The Thunderbolts' agonising 77-70 defeat in that game spurred Chillingworth to don the blue jersey again for the first time in four years.
The 27-year-old spent most of his life representing Tamworth throughout the age groups, and was a member of the 2019 side that lost to Canberra in the grand final.
However, when the pandemic forced the state league competition to be cancelled, it was his partner, Madison Sharpe, who encouraged him to join the Tamworth Swans and give Aussie Rules a try.
"She's the captain of the Swans' girls team," Chillingworth said.
"We started dating in 2019, and once news came through of the basketball getting cancelled in 2020, the AFL still had a competition, so I thought 'Why not give that a try?'"
And while he enjoyed his time as a ruckman and tall forward for the Swans, Chillingworth spent much of 2021 and 2022 out with two injuries. The first was a torn meniscus, which required surgery, and the following year he hurt his hand in what was originally thought to be a break.
"I didn't break my thumb, but that was the initial diagnosis and that scared me. I sat last year out, because of my work I couldn't afford to be injured," he said.
AFL's 360-degree nature and higher-impact gameplay proved too great a risk to Chillingworth's income, and while basketball is certainly not easy on the body either, he feels better able to handle the more lateral style of movement required.
And now, as the second-oldest of the Thunderbolts' players, he looks forward to playing a mentorship role within the exceptionally young squad.
"It reminds me of when I came in," Chillingworth said.

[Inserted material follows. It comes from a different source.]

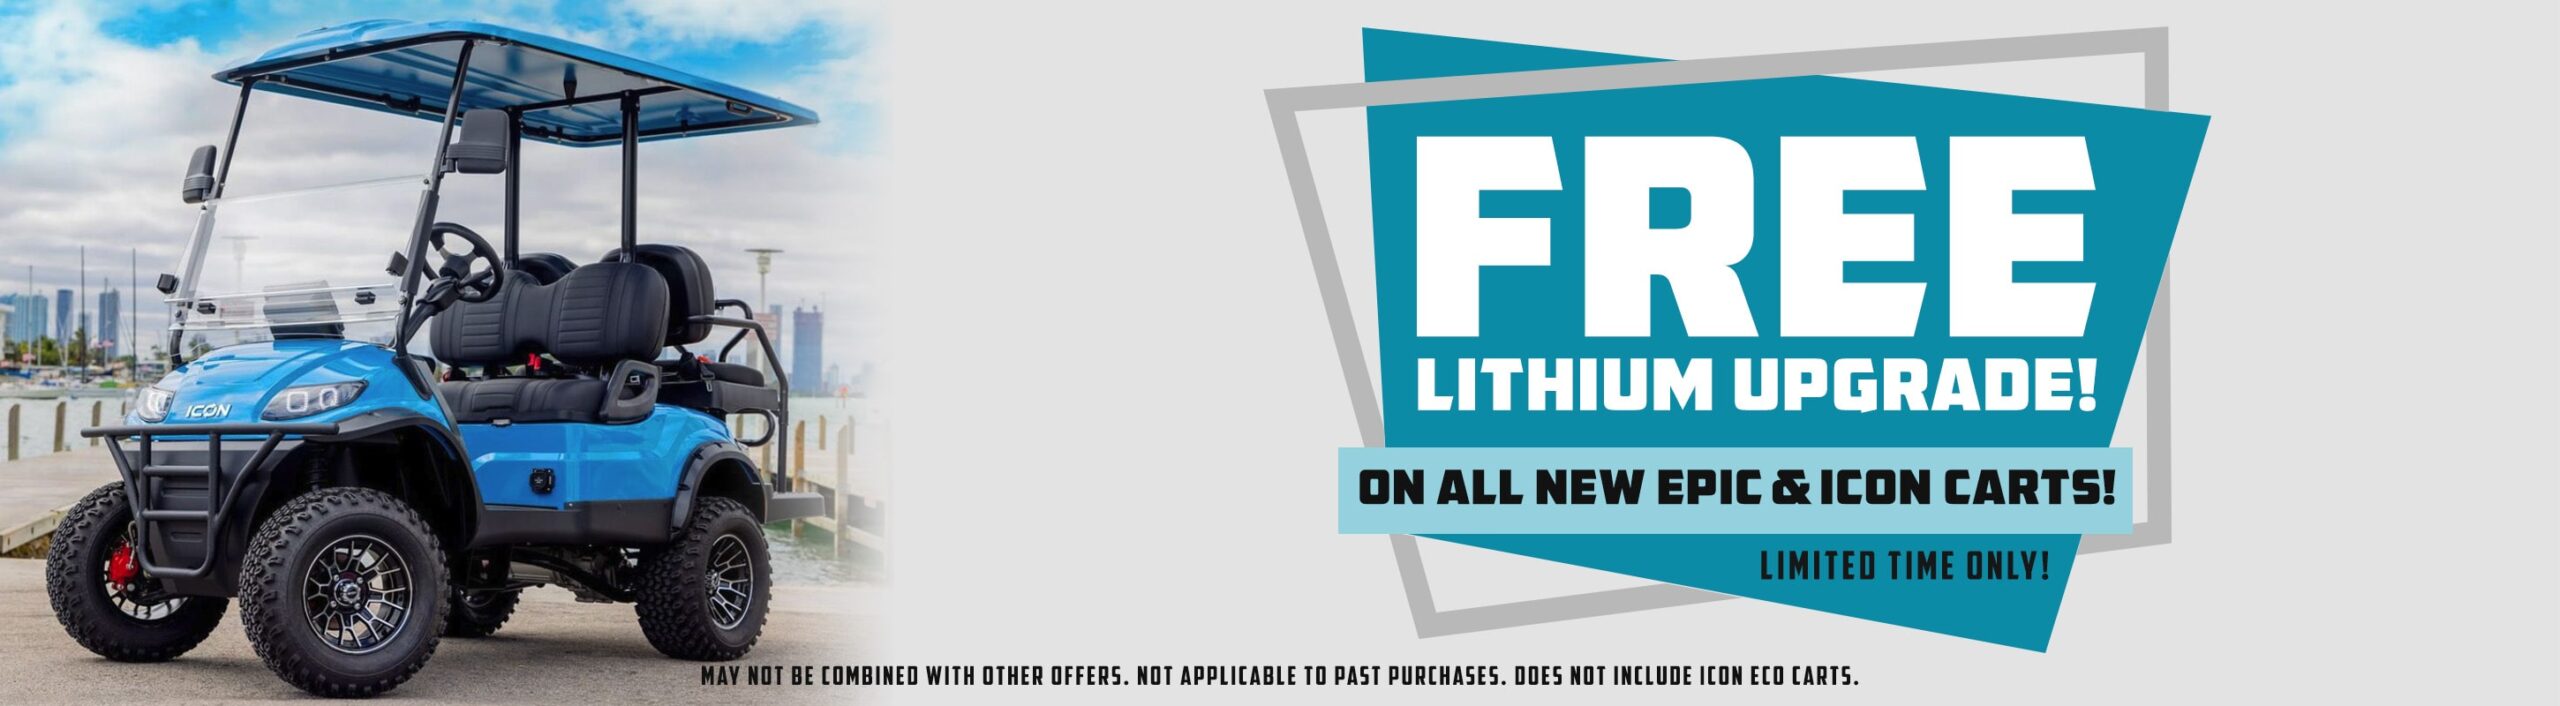 FREE Lithium Upgrade Promotion Banner
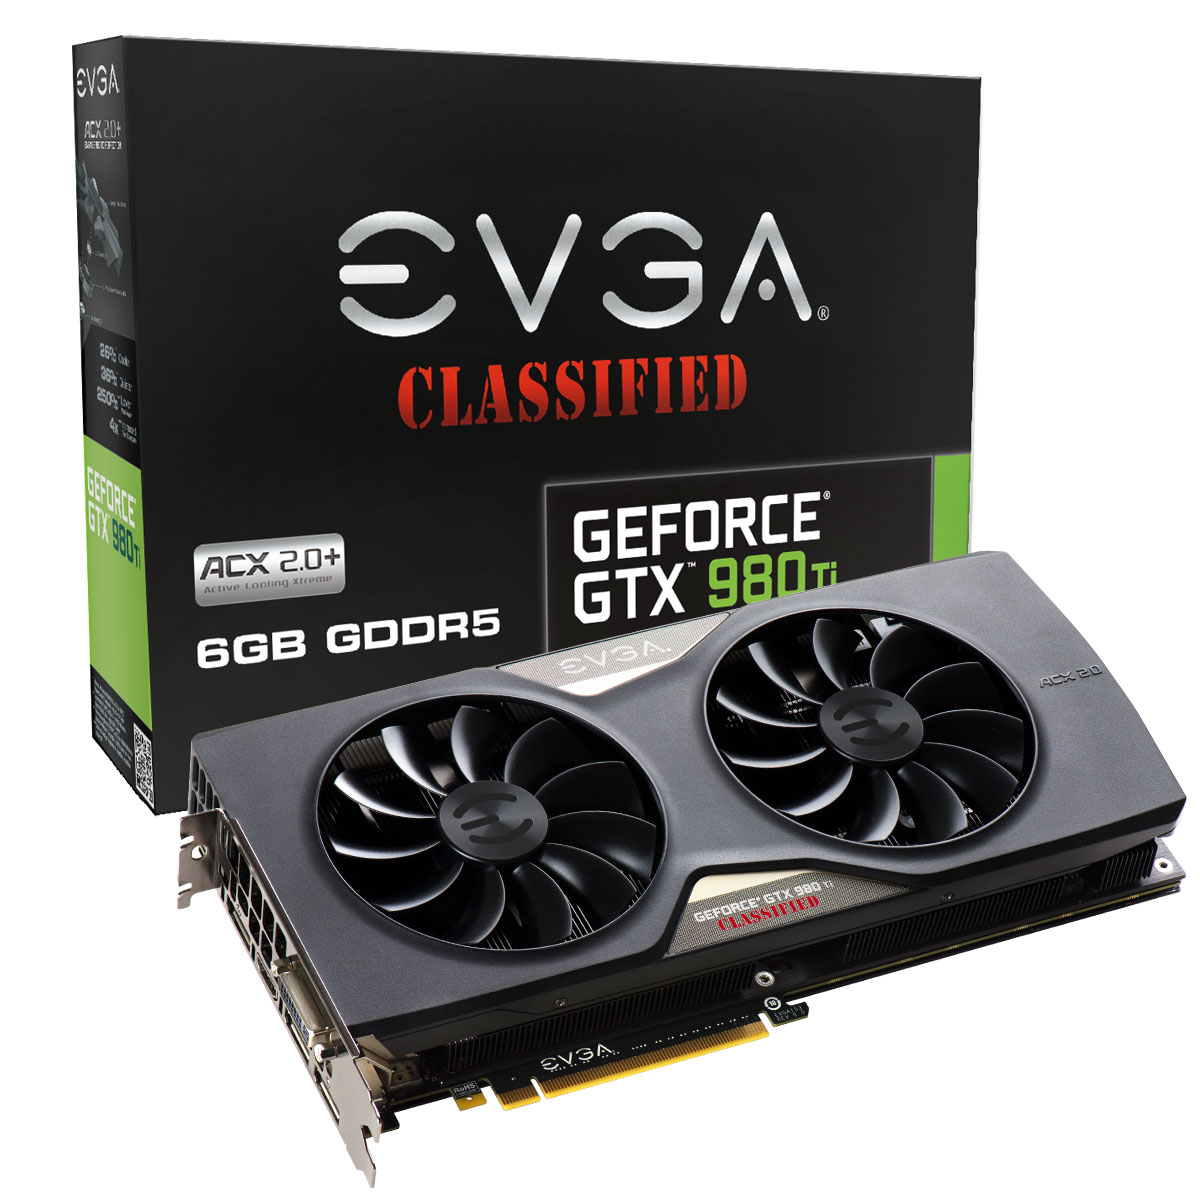 EVGA GeForce GTX 980 Ti Classified ACX 2.0+ announced 33

"I'd just finished high school and I was the youngest one in the team, surrounded by older, more experienced guys ... I had blokes like Chris Skilton and David Bourke who I played alongside. They were the older blokes, and hopefully I can take what I learned from them and show these younger blokes the way that Tamworth can play and used to play."
With the side preparing to play the Newcastle Falcons on Saturday in Newcastle, coach Kane Butler expects "huge things" from him.
"There's a reason why he was All Star Five in his last season of state league," Butler said of Chillingworth.
"He's got the potential to do that again."